A photo from the class that shows her holding a black bear cub prompts a little envy from the other park interns she has met. “They say, ‘That’s unreal. I’ve never heard of a black bear management class.”’

Tiny brown and white chick Sarah Forestiere looked after these tiny piping plover chicks as an intern at Sandy Island Beach State Park in Pulaski, Oswego County.

Forestiere also appreciates the contacts she has made through her work with the state parks service, the U.S. Fish and Wildlife Service, and other agencies that study and protect wildlife. She hopes to find work as a wildlife technician that will allow her to see other parts of the country.

As for the snowy plover, that story has just begun, too.

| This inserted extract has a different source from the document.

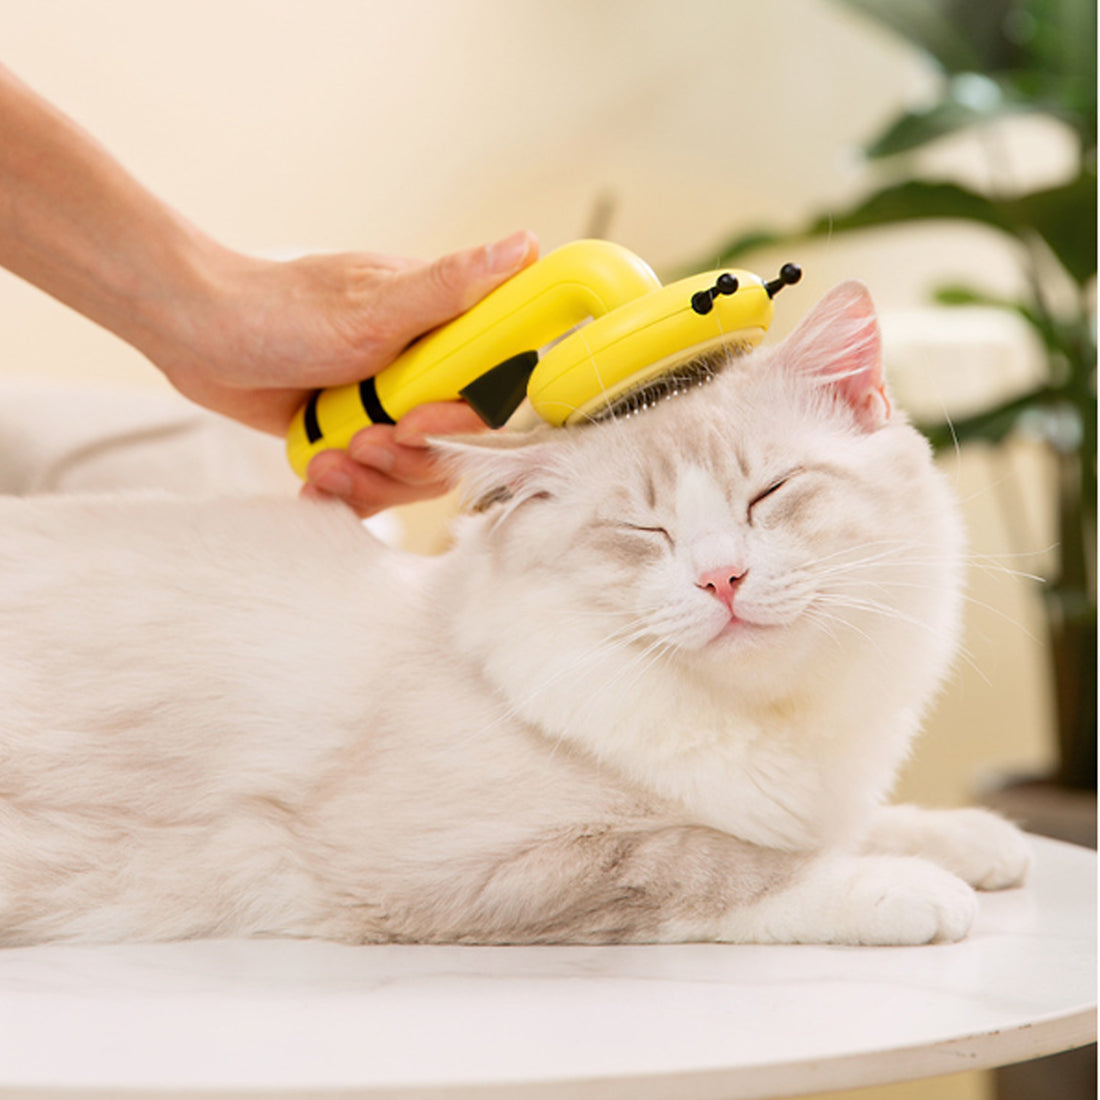 Little Bee Pet Hair Removal Comb: Gentle Grooming Tool for Dogs and Cats
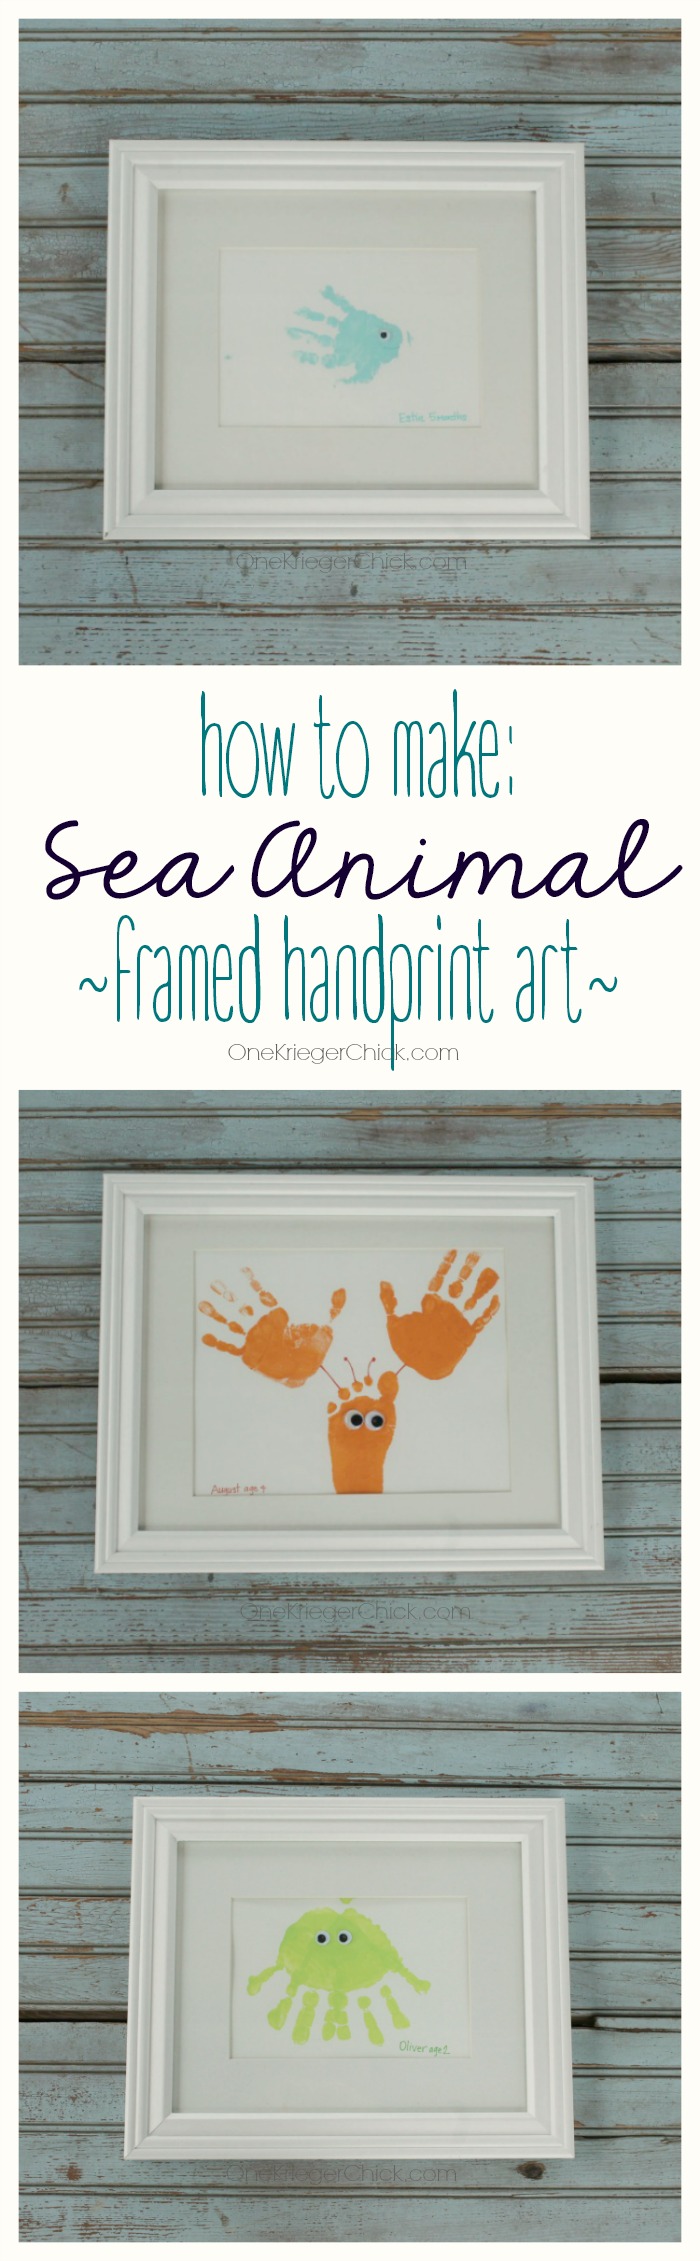 How to Make Sea Animal Framed Handprint Art by One Krieger Chick | Mabey She Made It | #handprint #decor #seaanimal

“Lone reports such as this are interesting, but the real value comes from numerous individuals all reliably reporting what they find,” Van Niel said. “In that way, patterns may emerge that can tell us if sightings like this are an isolated incident or part of a change in the natural history of a species."

Editor’s note for the birding community: When Jay McGowan went to Lake Ontario following Sarah Forestiere’s sighting of the snowy plover, he found a 3rd state record but overall rarer-in-the-country common ringed plover in the same area. See details are on his eBird checklist.